Permission to Advance: The Role of AI and Digital Health Tools in the Identification of the Trafficked

By: Meghna Manjith

In 2023, the National Human Trafficking Hotline identified 9,619 human trafficking cases in the United States. Further investigation revealed that these cases involved a total of 16,999 victims. The United States consistently ranks high in the number of human trafficking cases reported annually, the crime remaining a profitable and pervasive industry. According to the International Labour Organization, an estimated 27.6 million people were trapped in “modern slavery” in 2021 – a number defined by the regulations placed under US law. Unfortunately, this atrocious number has only increased since 2021 and remains prevalently high in the United States as a very profitable business.

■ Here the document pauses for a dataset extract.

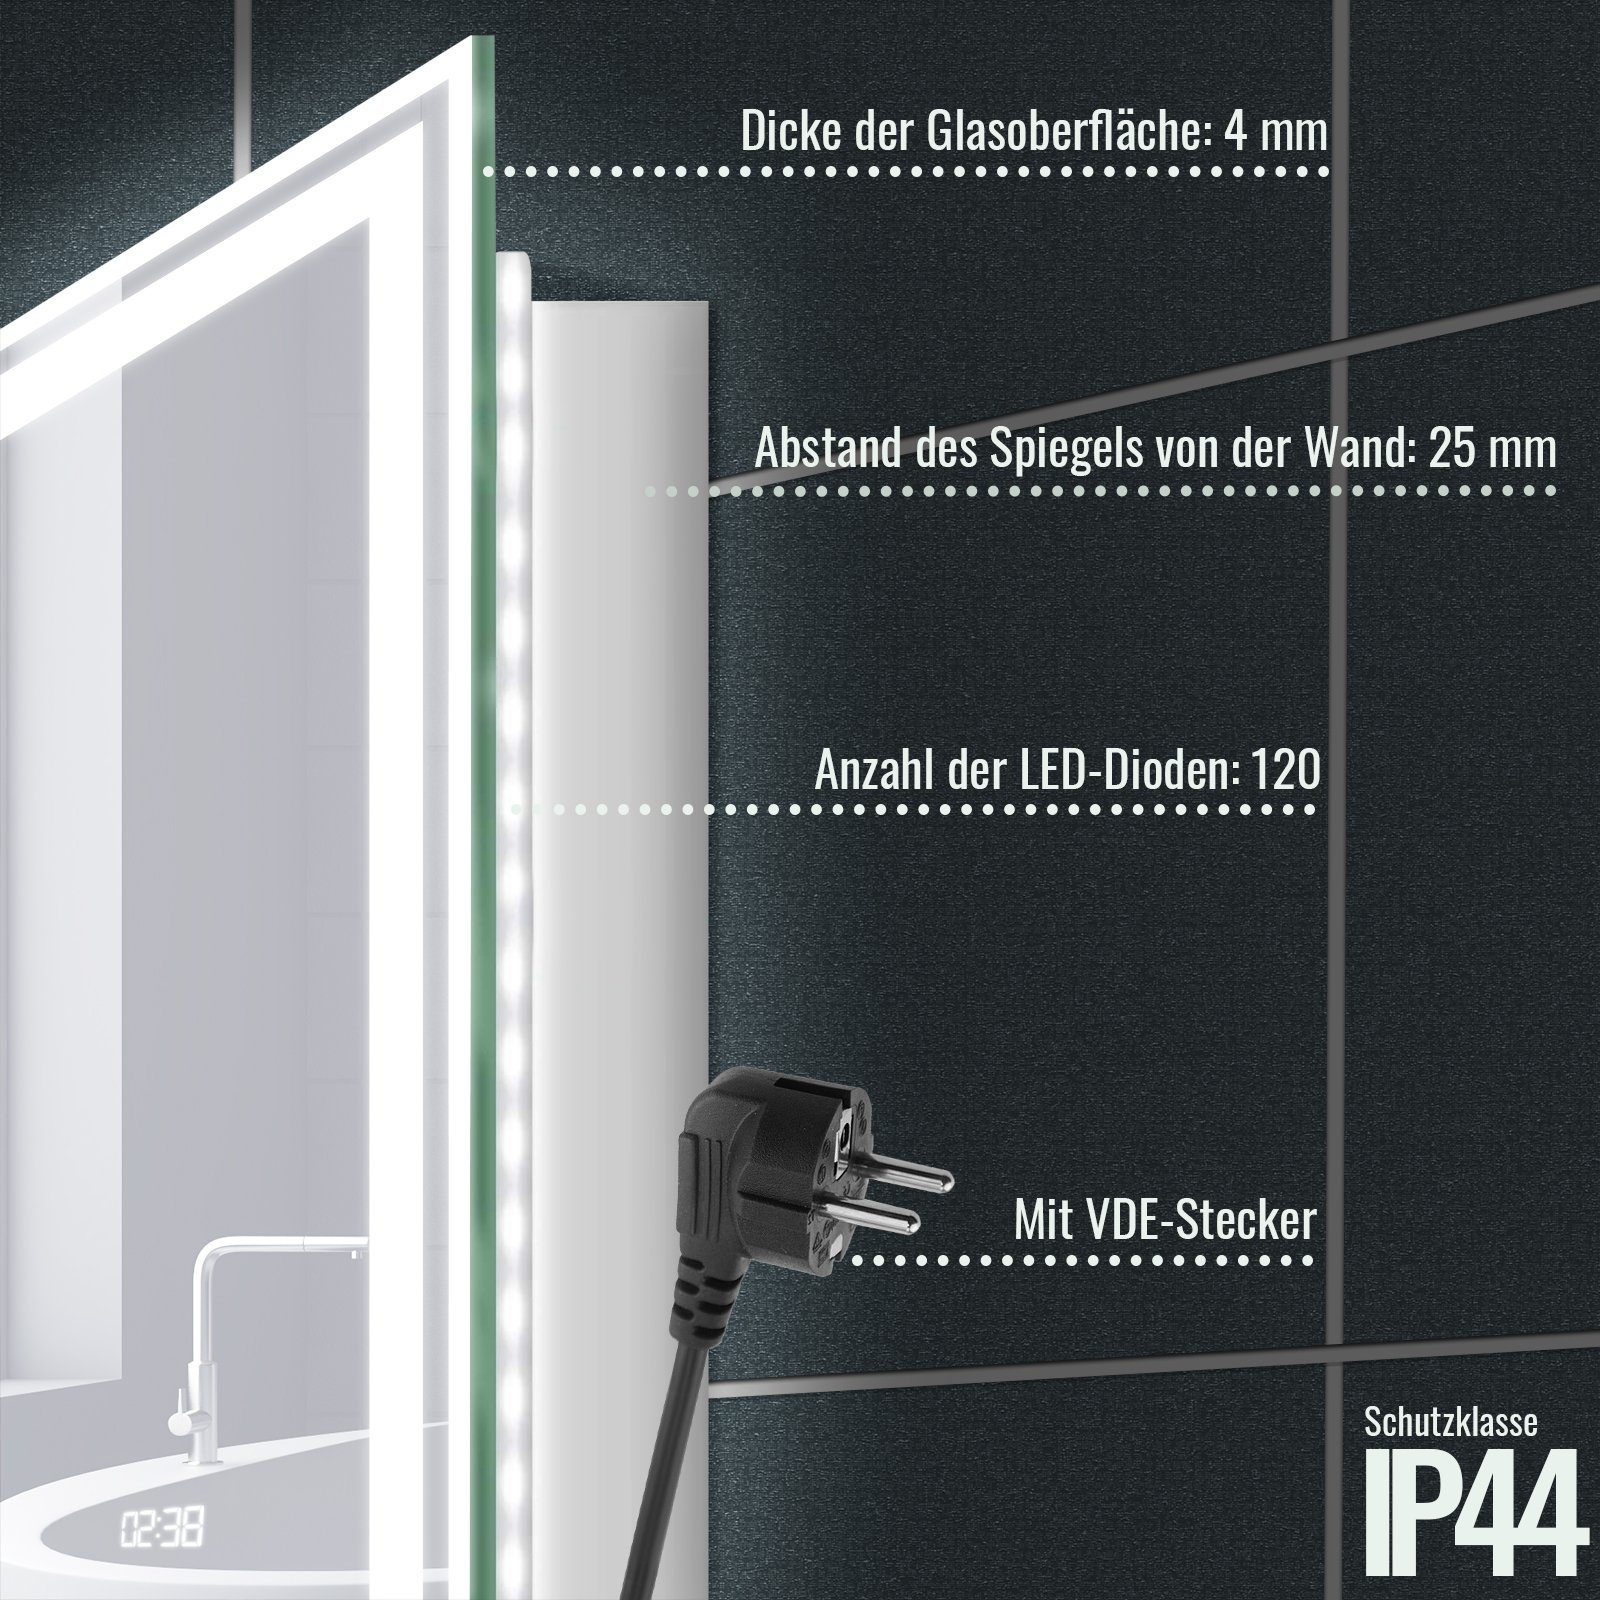 Aquamarin Badspiegel LED Badspiegel - cm 3000-7000K Dimmbar, Beschlagfrei, 60 100 x Energiesparend

But what exactly is human trafficking? Human trafficking is a crime that compels individuals to labor or to engage in a commercial sex act, rooted in exploitation of the individual and the goods they provide, rather than a country or border (U.S. Department of State, 2024). The signs of human trafficking are not always easy to identify. When people think of human trafficking, they often think about a situation where someone is kidnapped and forced into labor. They may think of a situation like Samirah and Enung’s, who were hired out of Indonesia to work at a rate of $100-$200 per month (Logan et al., 2009). But once they reached their employer, they were stripped of their forms of identification and were starved, forced to work, abused, and kept locked in the house. While the stereotypical image of human trafficking often involves cases that incorporate abduction and physical captivity such as Samirah and Enung’s and are deeply important to understand and identify, it is crucial to understand that human trafficking does not always involve physical kidnapping. Many victims are coerced or manipulated in ways that are not always easy to identify or see but are still a clear violation of their freedom.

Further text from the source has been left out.